Читаем Со дна коробки полностью

Между тем Ермаков ­ в ту пору баловень театралов, что-то вроде душки-тенора драматической сцены ­ начал шоколадным голосом читать монолог Князя из "Грузинских ночей", и тут стало ясно, что даже самых рьяных его поклонников больше интересует реакция старика, чем красоты исполнения. При строках:

Когда металл бессмертен, где-то естьна свете пуговка, – я обронил еев саду, гуляя на седьмом году.Найди ее, пусть сведает душа,что ждет ее, как всякую иную,спасение и благостный приют.

в выдержке старика наметилась первая трещинка и, медленно развернув пространный платок, он смачно высморкался, – со звуком, от которого густо затененные, алмазным блеском горящие глаза Ермакова закосили, точно у оробелого боевого коня.

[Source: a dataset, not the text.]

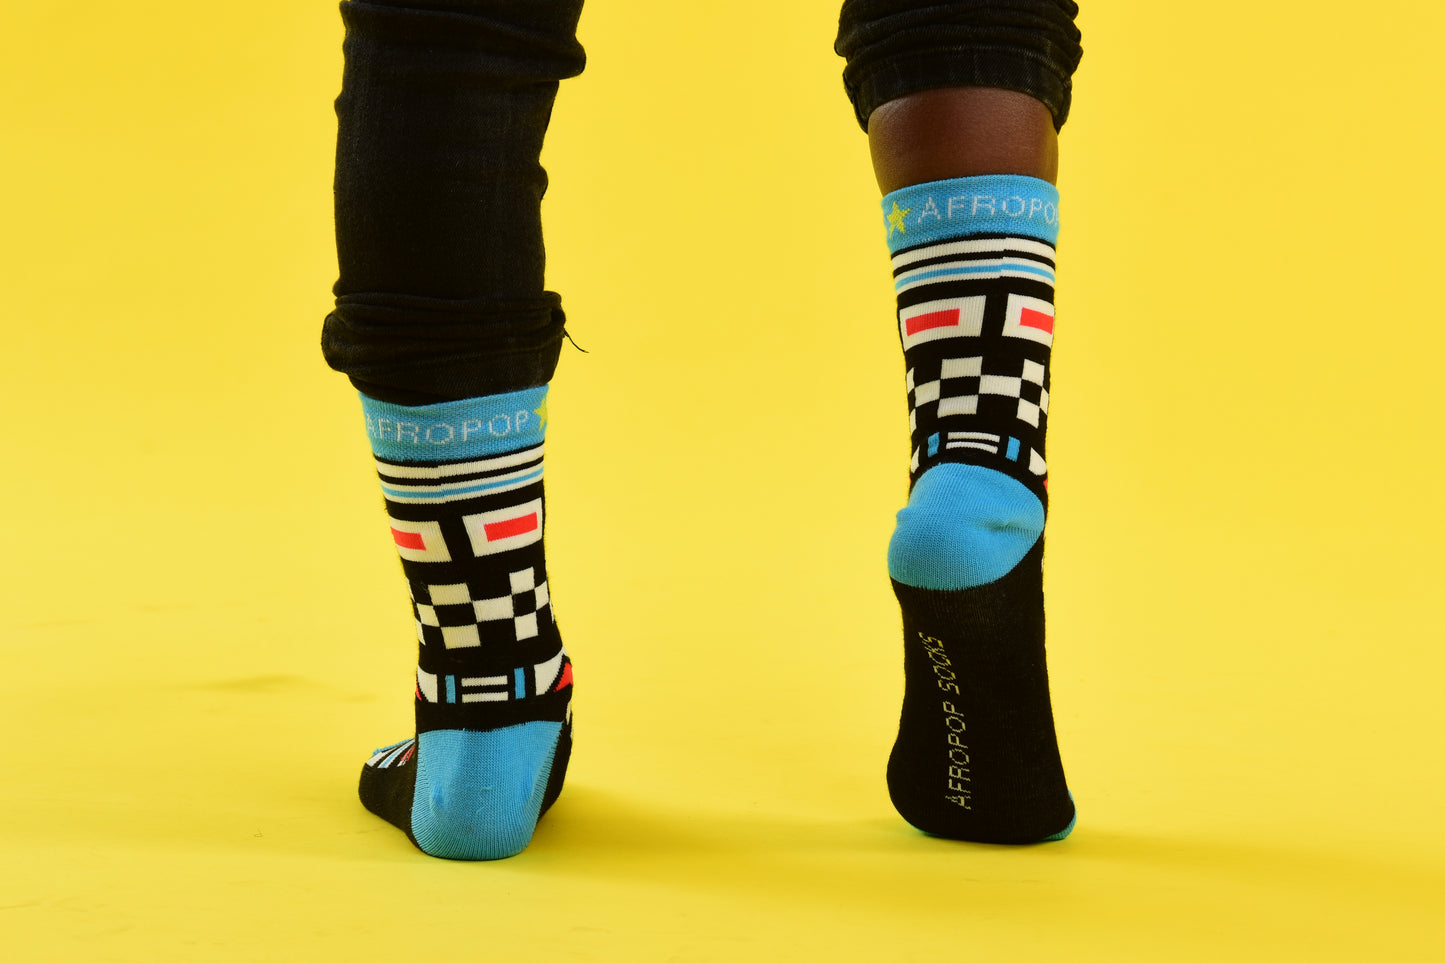 KIDS Ndebele Blue Socks

Платок вернулся в складки сюртука и лишь через несколько секунд после того в первом ряду заметили, что из-под очков старика льются слезы. Он не пытался их утереть, хоть несколько раз рука его с растопыренными, словно клешня, пальцами поднималась к очкам, и падала снова, как если бы он опасался (совершеннейшая из деталей всего утонченного шедевра), что всякий подобный жест привлечет внимание к слезам. Громовые овации, последовавшие за чтением, определенно в большей мере относились к исполнительскому мастерству старика, чем к стихам в передаче Ермакова. И едва они смолкли, старец поднялся и вышел на край сцены.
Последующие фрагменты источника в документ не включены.